Но, несмотря на эти мысли, он машинально потрогал свою ногу. Босс Бянь вдруг осознал, что в любой момент может получить удар в тёмном переулке — ведь молодой господин Кэ привык действовать исподтишка, даже ему, бандиту, было чему поучиться. 

Ближе к полуночи Цзо Чэн позвал Бянь Ицю во двор: 

— Босс, выйдите запустить первый фейерверк нового года! 

Бянь Ицю лениво вышел в сад, за ним последовали и остальные. 

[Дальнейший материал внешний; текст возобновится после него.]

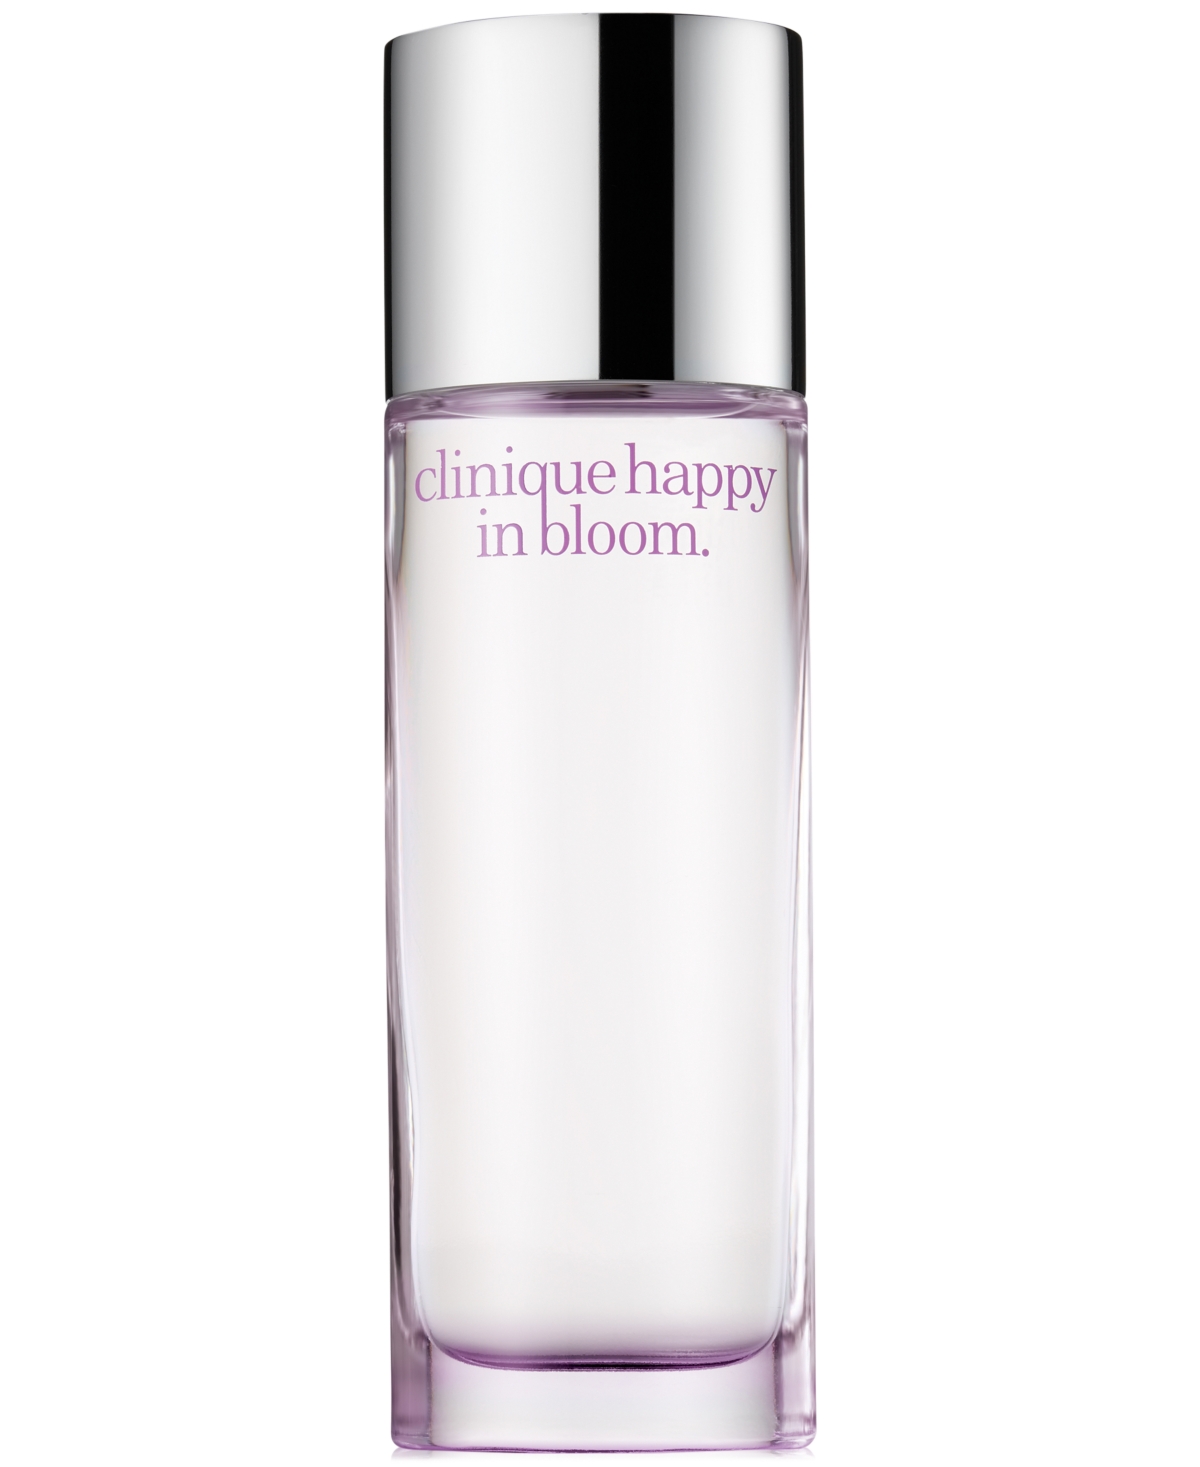 Clinique Happy In Bloom Perfume 1.7-oz. & Reviews - Perfume - Beauty - Macy's

Во дворе висели красные фонари, сливы цвели под снегом, и в холодном воздухе витал лёгкий запах пороха. Тяжёлые часы на стене гостиной пробили полночь, и тут же раздался оглушительный грохот петард. Взрывы следовали один за другим, заглушая всё вокруг. Взрослые и дети, зажав уши, кричали друг другу поздравления и пожелания: мира, процветания, удачи и счастья. Слова были шаблонными, но все слушали их с радостью, веря в лучшее. 

Телефон Бянь Ицю не умолкал: сообщения сыпались от Е Чжэнь, Хэ Сюй, Мэн Цзяньюя, Лян Юя, Ду Чэня, Юй Бэня... прокрутив диалоги, он неожиданно увидел имя Лян Цзыюэ. 

Бянь Ицю удивился: он думал, что после конфликта с Жуань Чэнцзе вся «золотая молодёжь» вычеркнула его из своих списков. Но, оказалось, кто-то всё же вспомнил. 

Он открыл сообщение Лян Цзыюэ — там не было текста, только видео. Маленькая девочка в ярко-красном пальтишке и шапочке с барашками улыбалась в камеру и говорила тоненьким голоском: 

— Дядя Цю, с Новым годом! Удачи и богатства! Чмок-чмок! 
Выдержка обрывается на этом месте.